ABUJA, Nigeria – The Africa Centres for Disease Control and Prevention (Africa CDC) launches a Central Data Repository to improve disease surveillance and public health decision-making across the continent.
Africa CDC announces that the platform officially launches on 27 January 2026 in Addis Ababa, creating a unified system to integrate surveillance, laboratory and programme data from across Africa.
Public health data on the continent has long remained fragmented, slowing the detection of cross-border outbreaks and weakening emergency responses. The new repository addresses these gaps through a secure, interoperable platform that supports real-time analysis and forecasting.

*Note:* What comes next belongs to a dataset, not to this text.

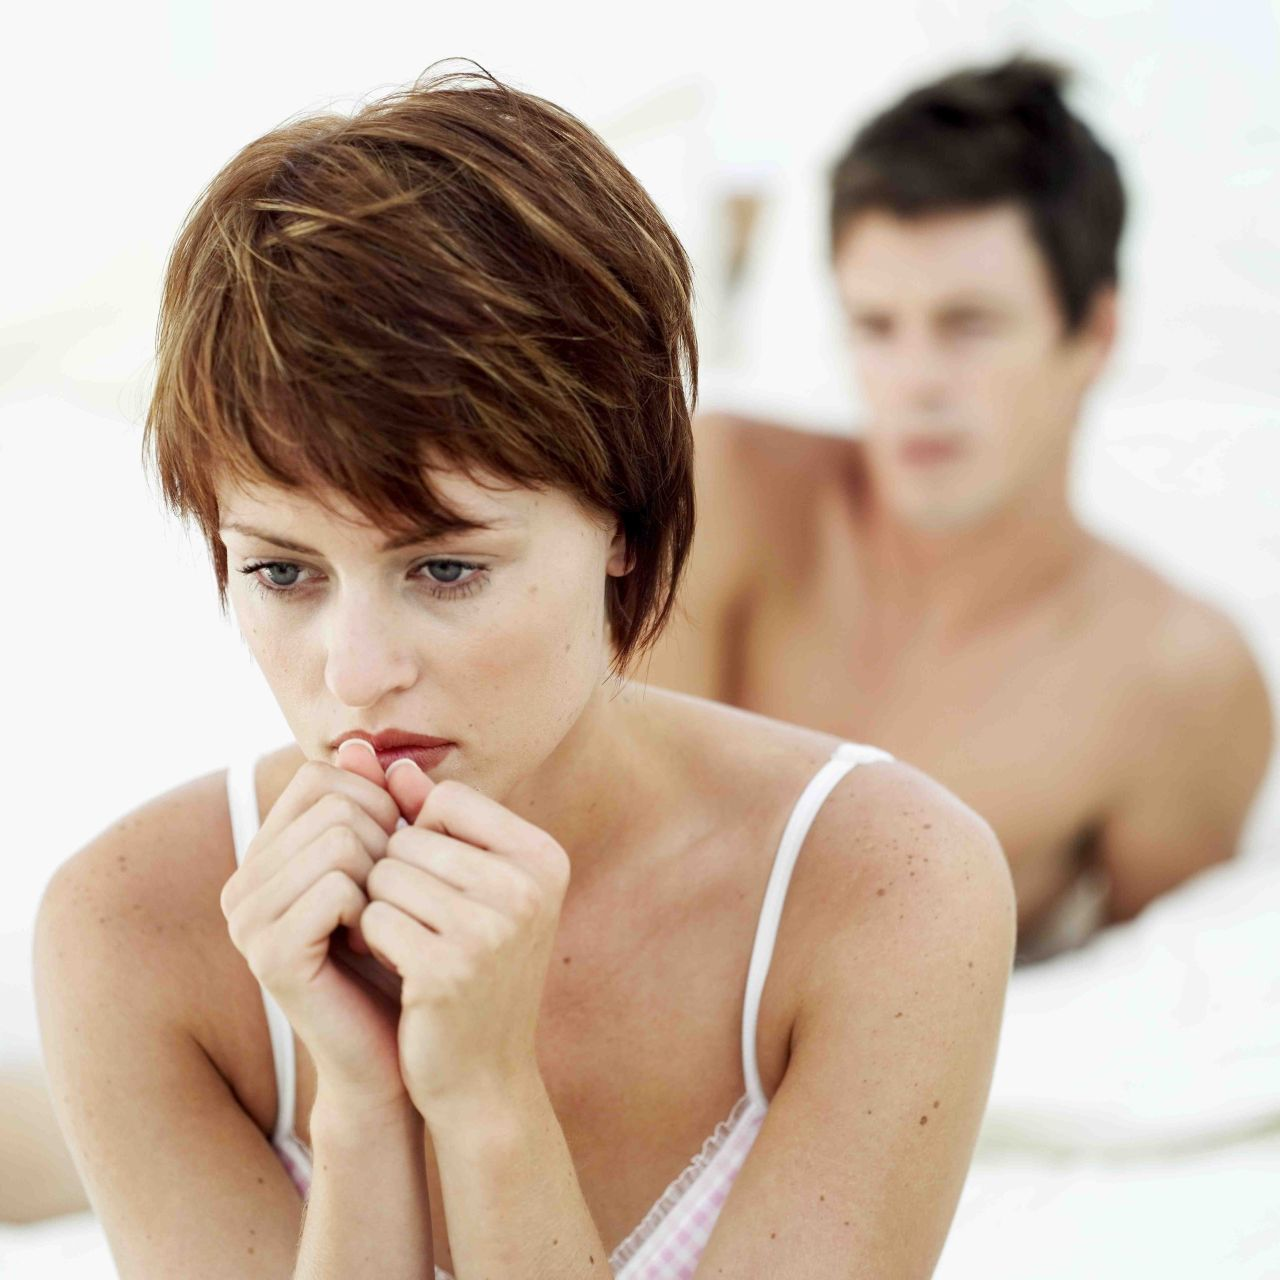 kontratseptivi-posle-seksa

“The repository gives us a single, trusted foundation for public health intelligence,” says Africa CDC Director General Dr Jean Kaseya. “It allows us to see risks earlier, act faster and coordinate responses across borders.”
Africa bears the world’s heaviest burden of public health emergencies. Between 2022 and 2024, reported incidents rose by 40 percent to 213 events, driven by infectious diseases, climate shocks and humanitarian crises.
The platform supports the One Health approach, linking human, animal and environmental data to improve preparedness and response.
Development began over a year ago, backed by the Global Fund with technical support from the Public Health Informatics Institute. Stakeholders validate the system during a November 2025 workshop.
Africa CDC says the repository marks a major step toward data-driven health security on the continent.